Wednesday, March 30, 2005

China appears to be increasingly committed to what are euphemistically referred to as "administrative measures" to address the growing contradictions of its dollar peg.
China's rising property prices pose a threat to the stability of Asia's second-largest economy and local officials who fail to take measures to rein in growth will be held to account, the country's highest ruling body said. . . .

``Local governments must put on the agenda the important task of stabilizing housing prices,'' said the State Council document, dated March 26. ``People in charge will be held responsible if there are no effective measures to prevent housing prices from rising too fast.''

Prices in Shanghai, China's biggest commercial city, surged 18 percent in the past year, according to the city government's property index. Shanghai's property prices are ``worthy of concern and attention,'' central bank Governor Zhou Xiaochuan said on March 9.

``Social stability is already at stake in some places such as Shanghai,'' said Qiu Zhicheng, analyst at Xiangcai Securities Co. in Shanghai. ``Wage earners cannot afford houses, and hatred toward richer property owners is growing.''

The State Council urged local governments to increase construction of cheaper homes for low-income families, make better use of idle land and slow the pace of housing demolitions to ease supply shortages.

The 16 banks operating in Shanghai yesterday agreed to stop making loans for homes that are being sold within a year of purchase to help cool speculation.

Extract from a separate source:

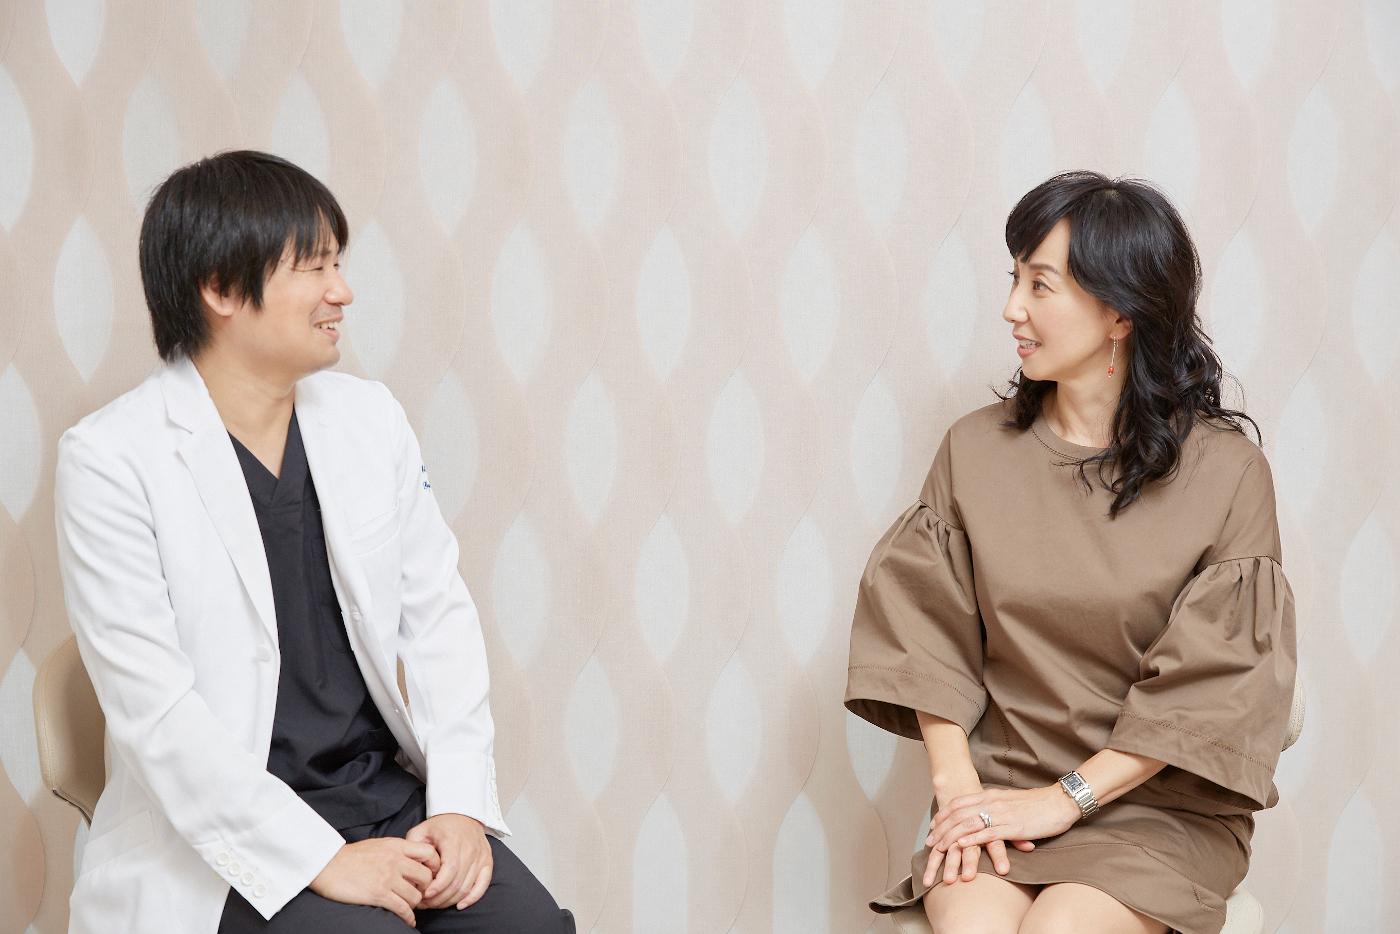 東尾 理子 病院

The city government earlier this month imposed a 5.6 percent capital gains tax on such sales.
Another hike in Chinese interest rates has already been ruled out, as has a change in the dollar-renminbi exchange rate. As Brad Setser points out, clearly the Chinese want to spring a revaluation on the markets as a surprise rather than put out on open invitation for hot money speculation on their currency. And as a recent Business Week article points out, raising domestic interest rates only makes the task of sterilization more difficult. So administrative measures are looking like the only tool in the toolbox to hammer down runaway asset prices.